Ora, no caso em testilha, nenhuma dúvida paira no sentido de que o INSS descumpriu o prazo legal de 60 dias para o pagamento da RPV, com a isenção de juros, contados do recebimento, por parte da devedora, da ordem de requisição.

Ressalte-se, ainda, que a faculdade oferecida ao credor para renunciar ao crédito excedente ao limite previsto pela Lei nº 10.099/00 (artigo 1º, § 4º) c.c. a Lei nº 10.259/01 e, assim, obter o pagamento sem a necessidade da expedição de precatório, não implica

em que a autarquia possa, de forma espontânea, descumprir o prazo legal de sessenta - 60 - dias, sob pena de premiar-se o mau pagador em detrimento do credor, o que é inconcebível.

Frise-se, por oportuno, que o descumprimento espontâneo da obrigação por parte da devedora não pode, em hipótese alguma, acarretar qualquer prejuízo para a exequente, sob pena de se contrariar os mais elementares princípios de direito, notadamente o de que cada parte é responsável pelas consequências dos seus atos.

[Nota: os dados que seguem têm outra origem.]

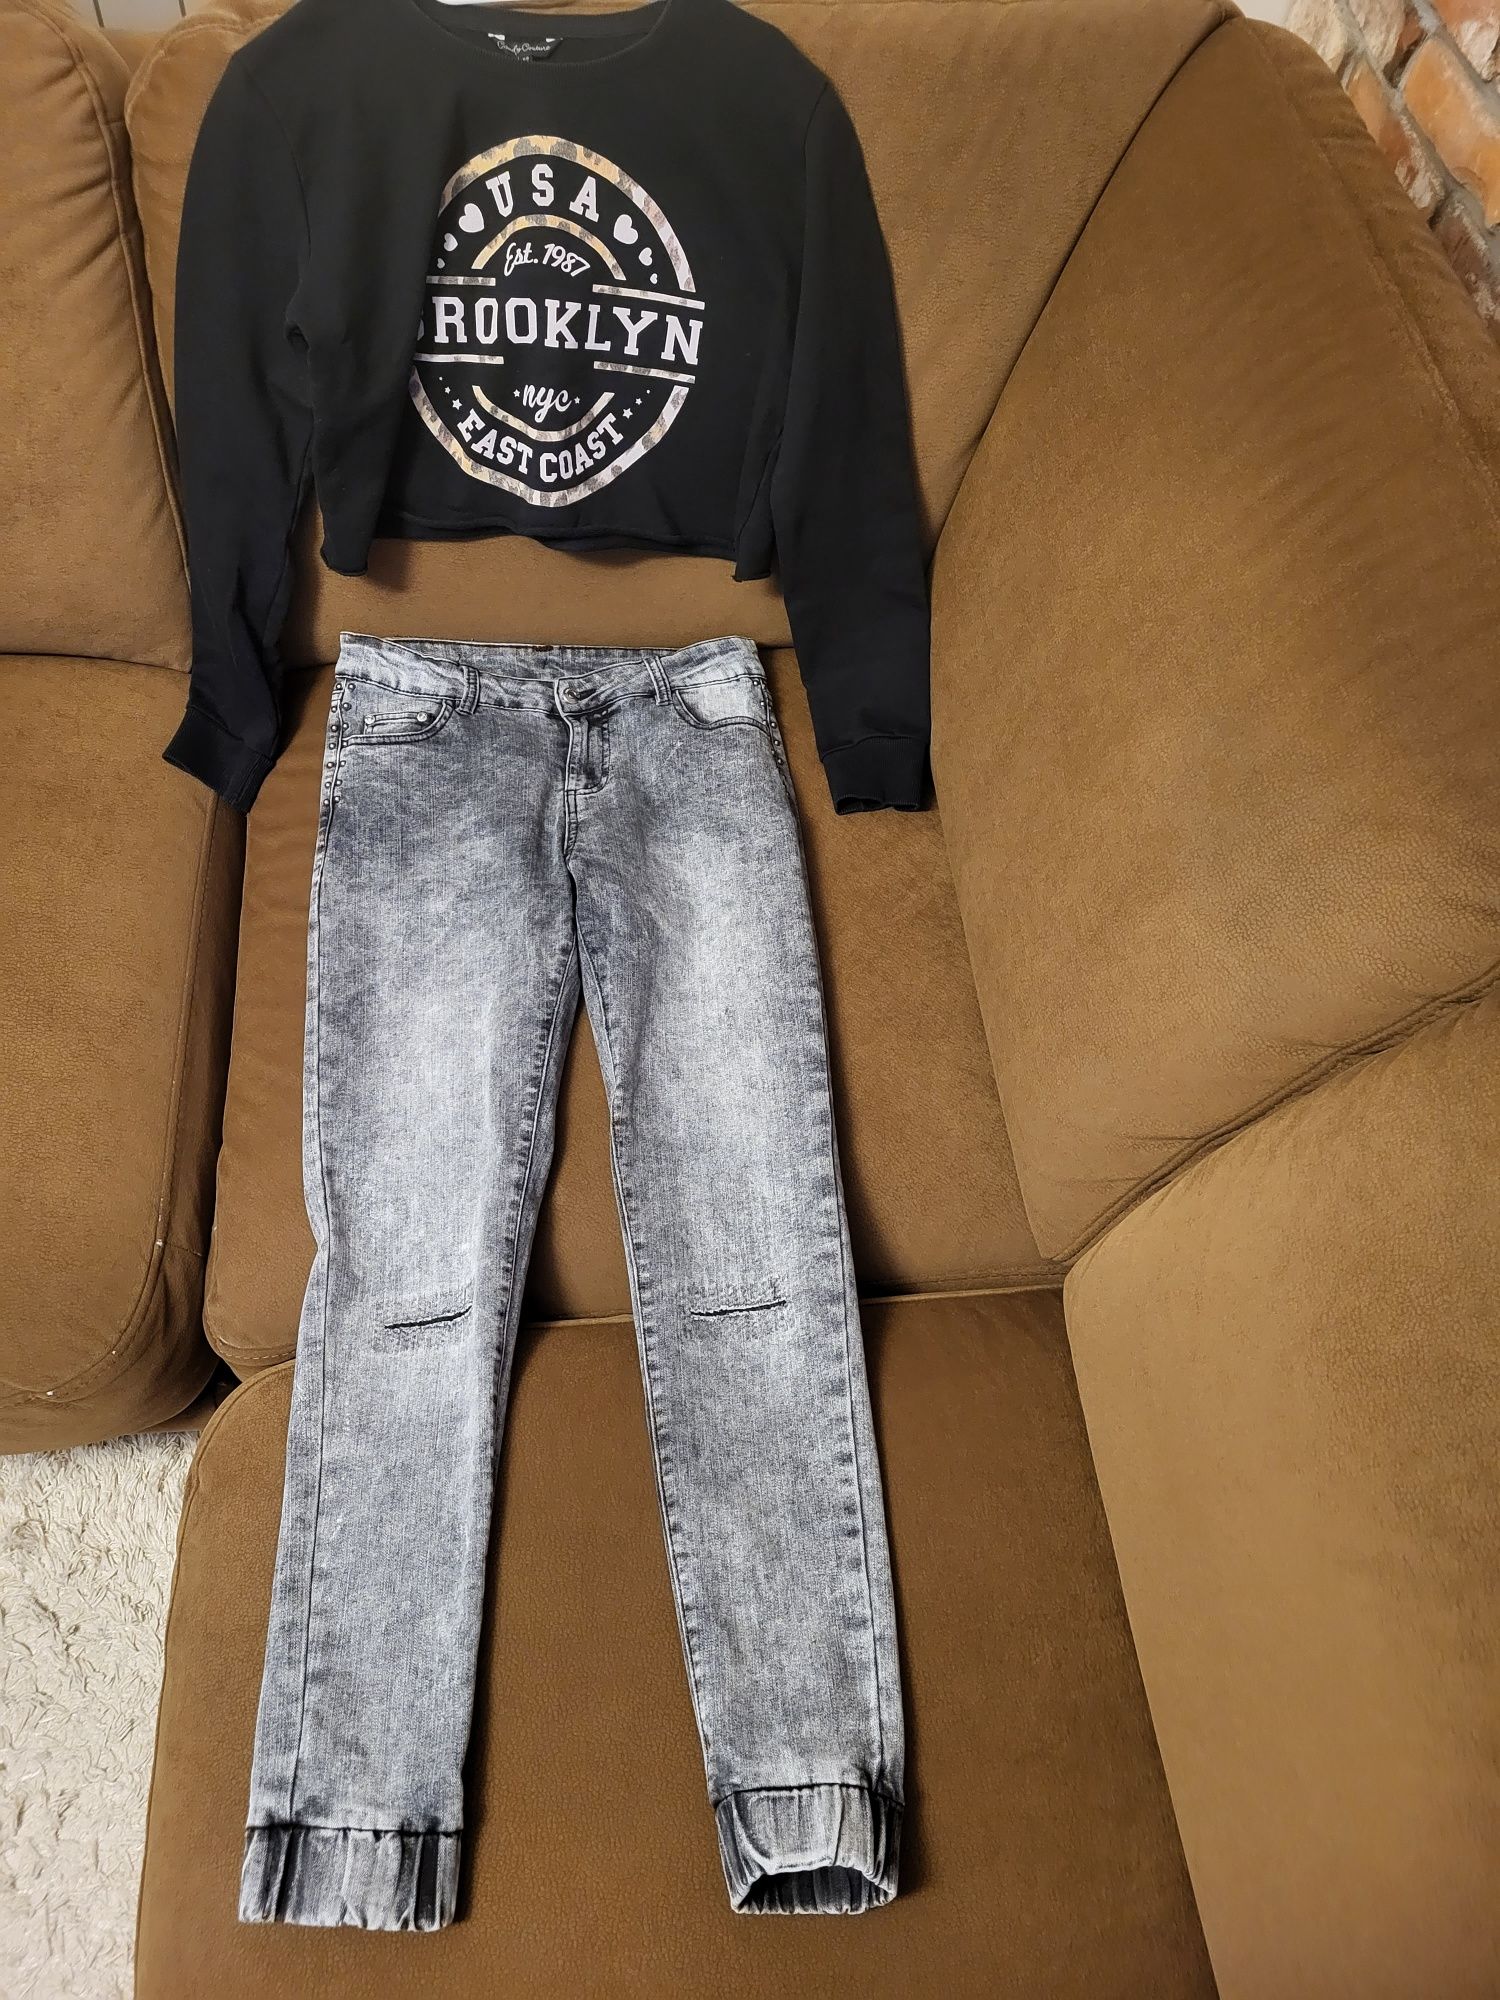 Spodnie i krótka bluza dla dziewczynki rozmiar 164

Considere-se, ainda, ter se tornado meramente acadêmica a questão relativa ao período de incidência dos juros da mora nos precatórios in casu RPV -, diante da recente edição da Súmula Vinculante nº 17 do E. STF

Eis o texto da Súmula Vinculante nº 17:

“DURANTE O PERÍODO PREVISTO NO PARÁGRAFO 1º DO ARTIGO 100 DA CONSTITUIÇÃO, NÃO INCIDEM JUROS DE MORA SOBRE OS PRECATÓRIOS QUE NELE SEJAM PAGOS.”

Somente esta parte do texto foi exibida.